Task brief =
All lines below between the line with "Motocicleta Clássica De" and the line with "Αντώνιος Κλαδάς Καθηγητής", including both, must be copied exactly, and the pictures must be omitted.

Data records =

----------

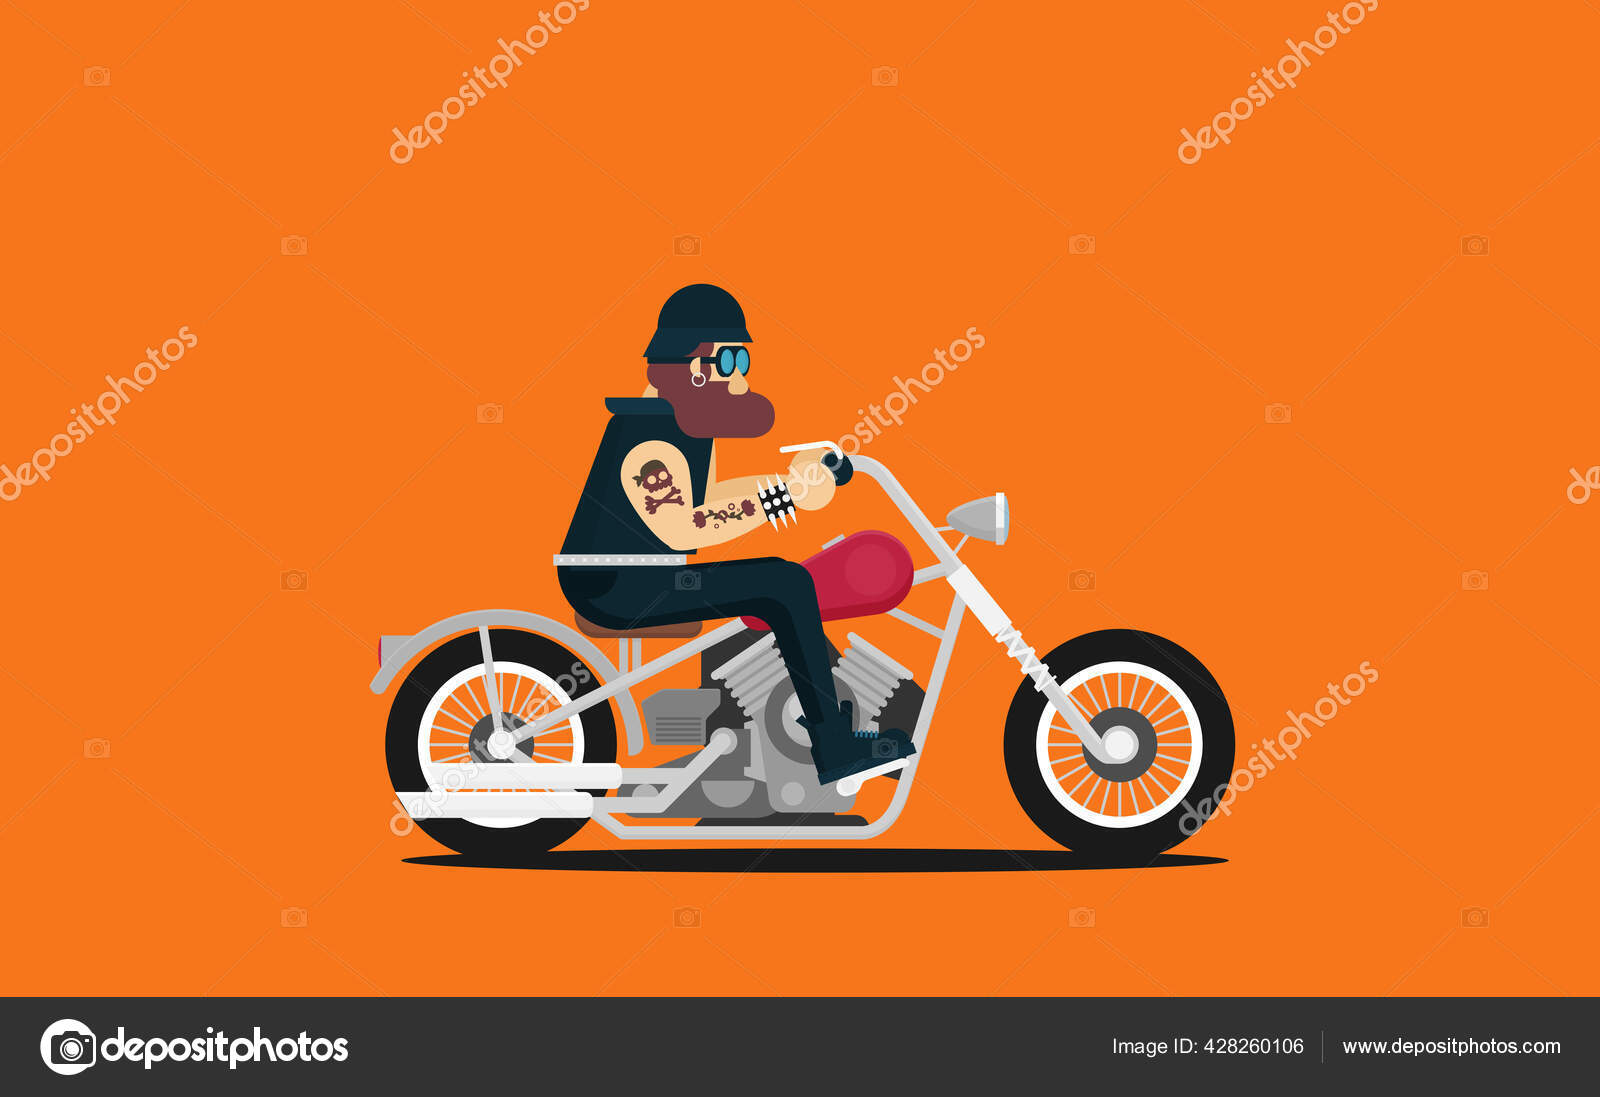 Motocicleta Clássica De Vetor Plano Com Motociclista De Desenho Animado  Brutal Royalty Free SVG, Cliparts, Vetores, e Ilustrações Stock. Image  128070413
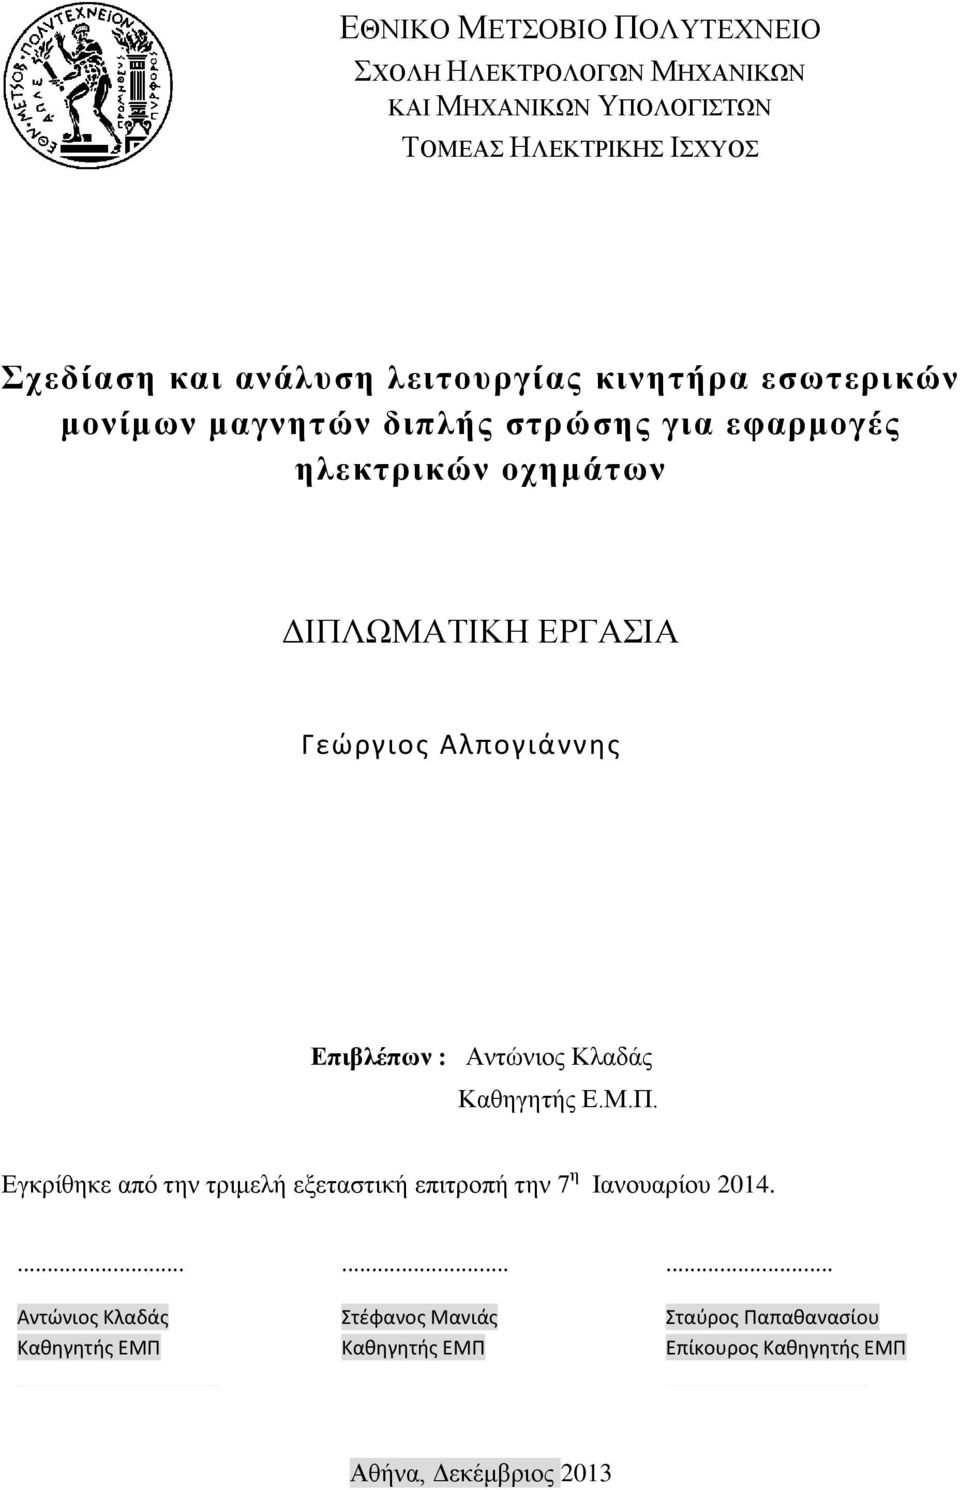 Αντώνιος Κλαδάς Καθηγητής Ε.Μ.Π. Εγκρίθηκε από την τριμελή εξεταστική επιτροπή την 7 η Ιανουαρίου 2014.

----------

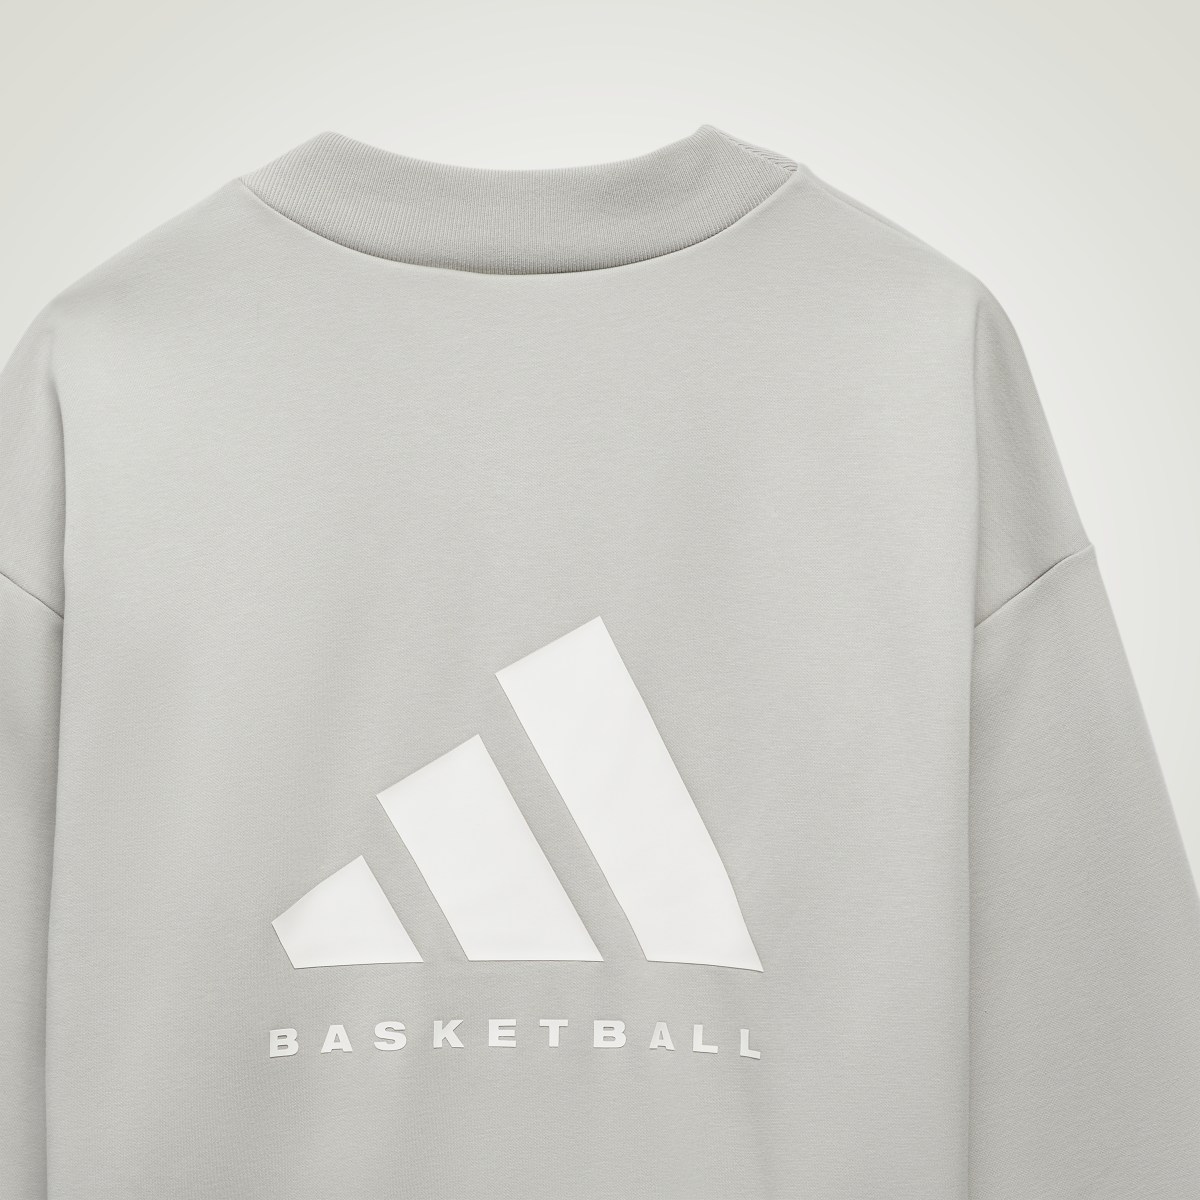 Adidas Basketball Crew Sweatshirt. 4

----------

Answer area =
 Motocicleta Clássica De Vetor Plano Com Motociclista De Desenho Animado  Brutal Royalty Free SVG, Cliparts, Vetores, e Ilustrações Stock. Image  128070413
 Αντώνιος Κλαδάς Καθηγητής Ε.Μ.Π. Εγκρίθηκε από την τριμελή εξεταστική επιτροπή την 7 η Ιανουαρίου 2014.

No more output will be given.